You can say it's just a curious mind, but I ask, what drives that curious mind. When you look at them, they are bizarre things to be pursuing. After all, in front of my nose is beer, sex, food, TV, sports, politics, all the diversions a modern western society can conjure up. That's what most people pay attention to, isn't it? But nooo...I have to dick around with the most abstruse subjects.

So. (As Veronica would say.)

So. Then I met the Dharma. Now, I'm a wide thinker, but maybe not a very deep one. But if you follow the Buddhist logic of mind to its end, you see that there is no end. Or rather, I should say, if you try to trace the path of your mind to its very beginning, you see there is no beginning. The Buddhist logic says nothing occurs without a cause. And furthermore, the cause must be of the same variety. (That's not the right word, but I can't think of it just now.) In other words, an orange can't be the cause of a thought. The only thing that can cause thought is a previous thought.

So. When you get to what you think was your first thought after conception...what caused it? What preceded it? It must have been a thought. It could not have come from out of nowhere. In other words, there was thought before conception. If so, it must have been with a different body. Basically, the mind is beginningless and endless. Only the wrapping changes.
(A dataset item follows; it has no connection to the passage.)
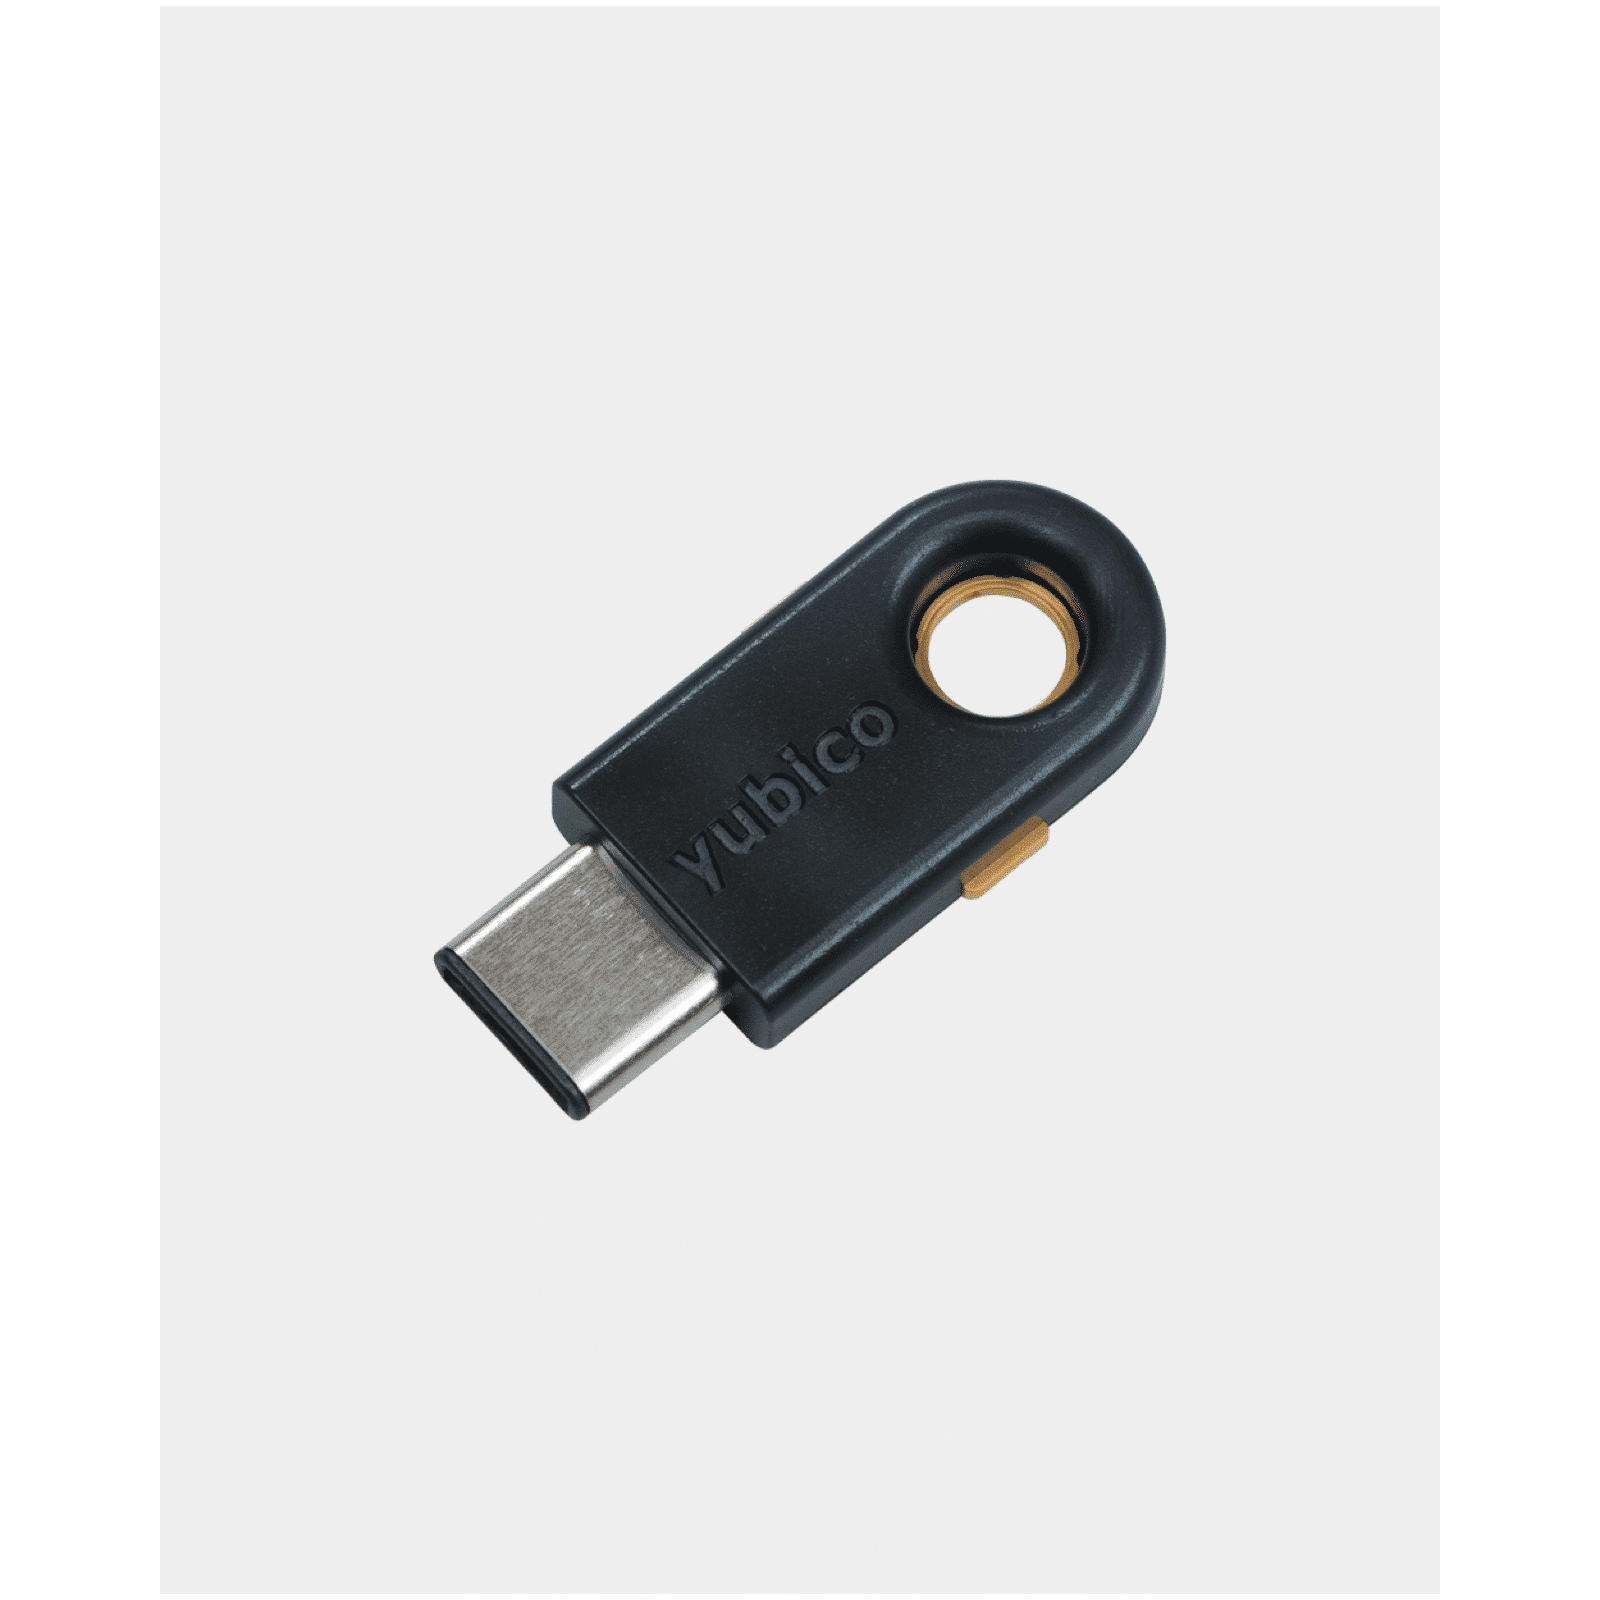 Аппаратный ключ безопасности Yubico YubiKey 5C (YubiKey_5C)

This makes complete sense to me, so yes I believe the rebirth thing. It explains to me why I might be so interested in all that goofy stuff. Karma makes sense then. Cause and effect make sense. Life makes sense, or at least holds out the possibility of making sense, if you spread it out over more than one. Life becomes fair when you look at it this way. I mean, why should I be here suffocating in luxury with millions of others living in horrifying poverty and degradation...if there's only one shot at this life thing? Why are some criminals rich and successful while honest hardworking people eat dirt? To me, that makes no sense. That makes the universe seem a capricious, even malevolent thing. I think it would mean that Nietzche was right.

This way, everybody gets a shot. More than one. We have all eternity to get it right.
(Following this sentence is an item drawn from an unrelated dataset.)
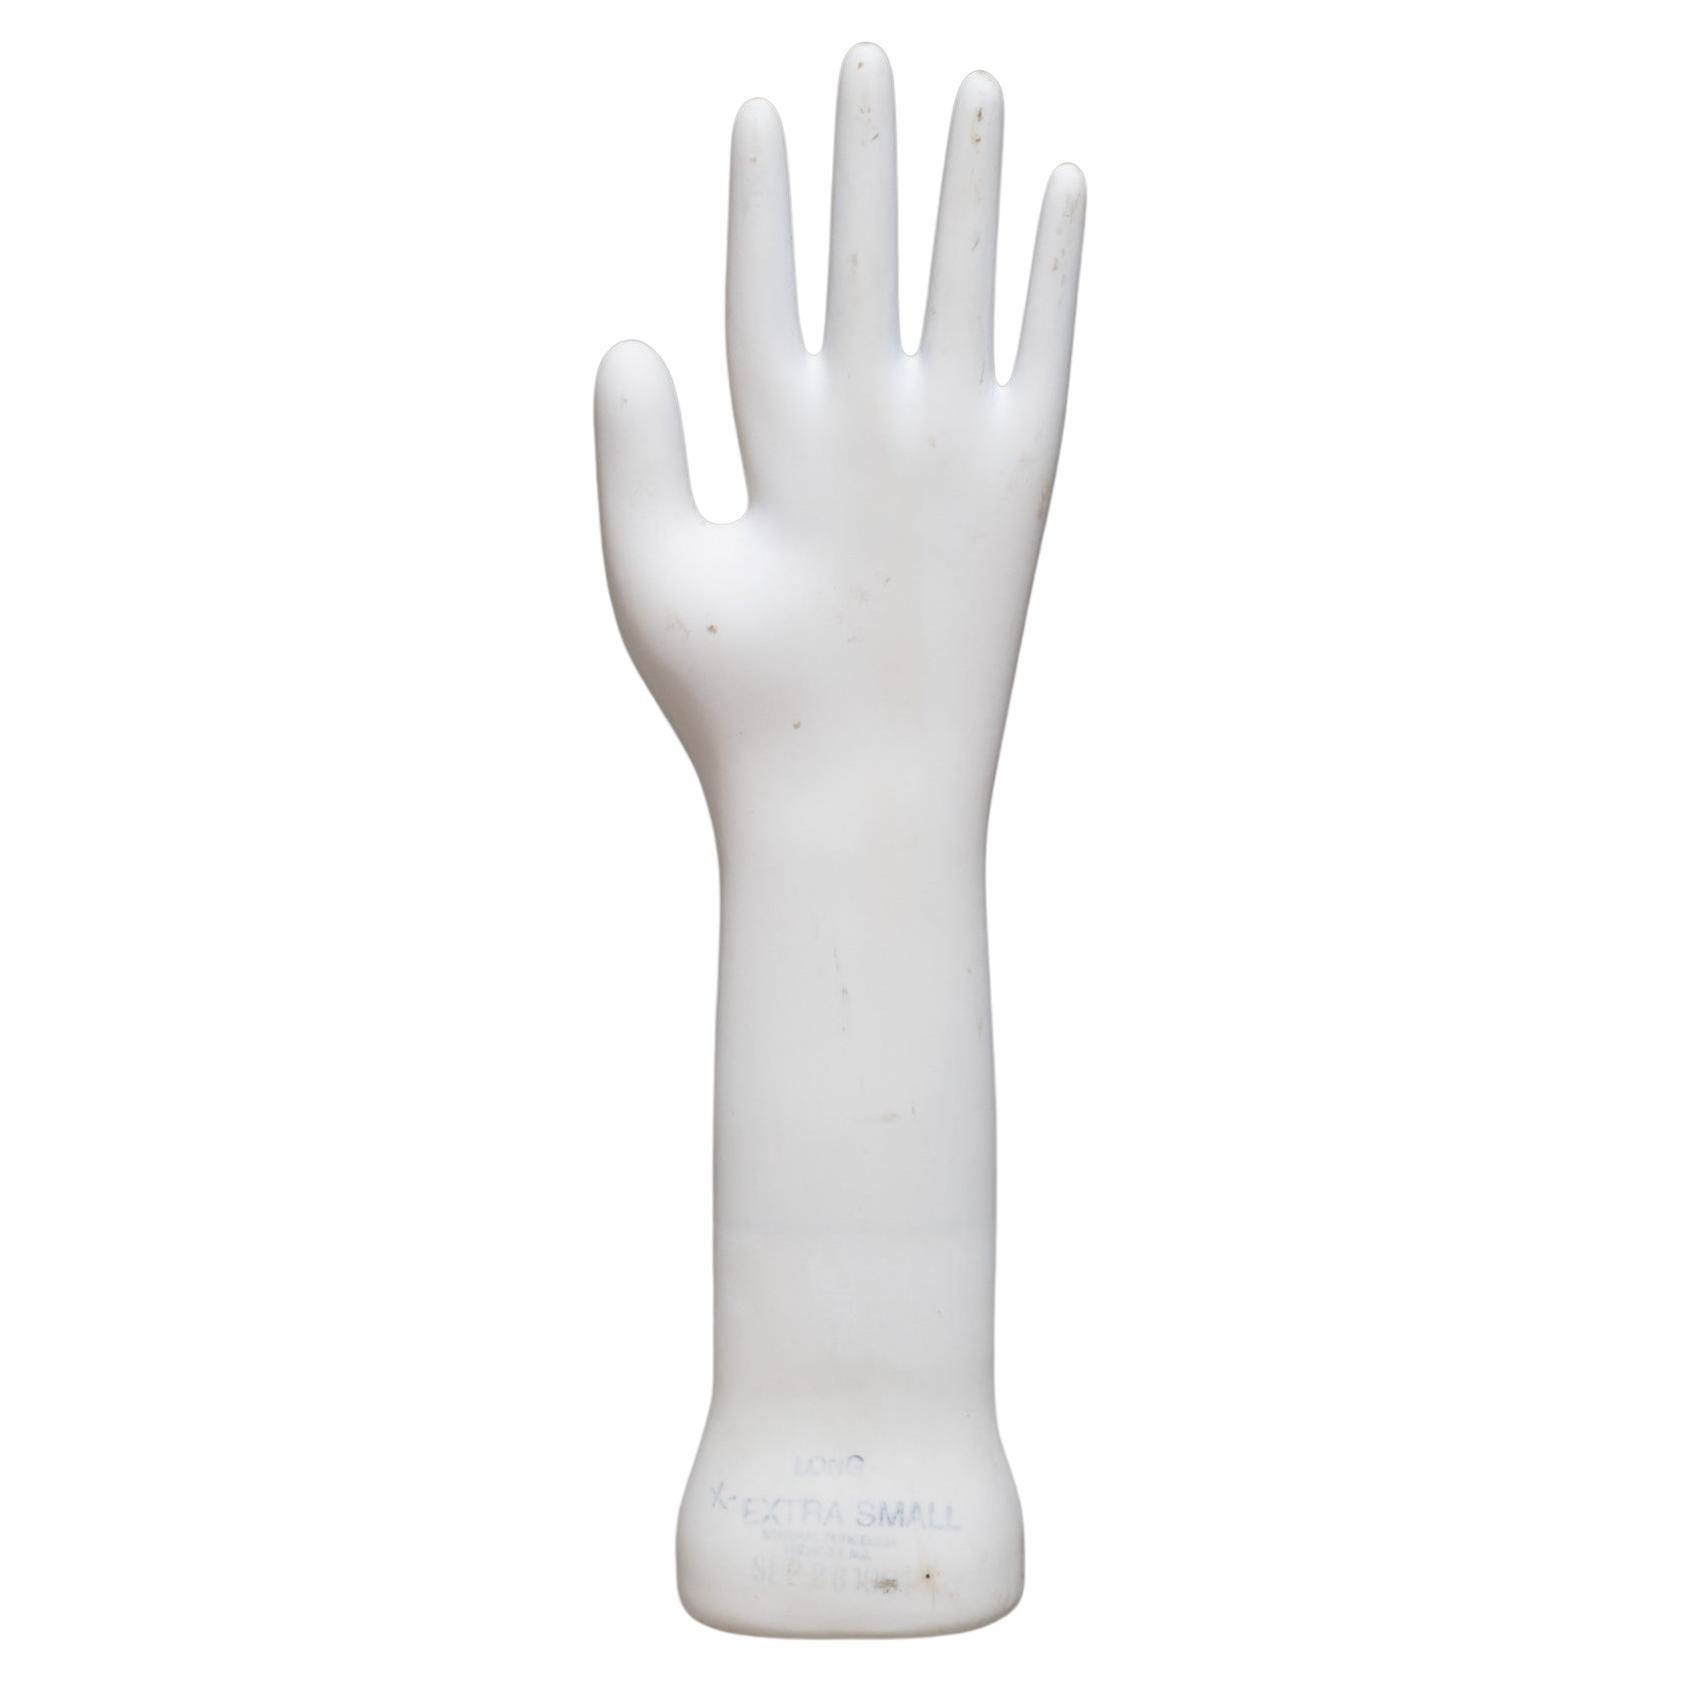 Vintage Glazed Porcelain Factory Rubber Glove Molds, C.1991  (FREE SHIPPING)

I could say more, I guess, but it comes down to this: the universe never wastes anything. It's one immense recycling plant. Six billion minds being used like throwaway lighters? How wasteful.

Or one more thing which always impressed me: the Dalai Lama has said there is evidence that rebirth occurs, but no definitive evidence that it does not occur.

Hmm.

2 comments:

Anonymous said...

Rebirth makes as much sense as anything else. There are many things we don't know and much to consider. I myself will be reborn as an Afghan woman. Why? Because it is a tough existense and I need the challenge.

However that aside, one may wish to consider genetic memory. As DNA is passed down through the generations, is there a possibility that residue memories are past down from parent to child and so on.

There are many possibilities.

Oh, as an Afghan woman, I will have a tiny birthmark on my left eye.

Some people may remember the past and others may remember the future.

Do I know, who cares, Might as well have some destination in mind when considering a journey.

Larry Keiler said...

You sure are right about that. Many possibilities.

For all you know, you may already be that Afghan woman with the tiny birthmark, in an aspect of existence that you simply don't have access to right now. Since time does not exist as we think of it. That Einstein thing again: all possible pasts presents and futures exist simultaneously...only our attention blocks the paths...If you read Jane Roberts' Seth books, you get a sense of how we could well be living simultaneous lives in different moments of history. I sometimes think it possible that I am (an inaccessible part of me) in fact taking teachings right now from Je Tsong Khapa, who lived more than 800 years ago. And simultaneously teaching Dharma to former spiders who had the good fortune to not be stomped upon by me but rather heard me whisper Om Mani Padme Hum in their tiny little ears.

OK, too weird. Gotta go to bed.

Help! I've written and I can't get up!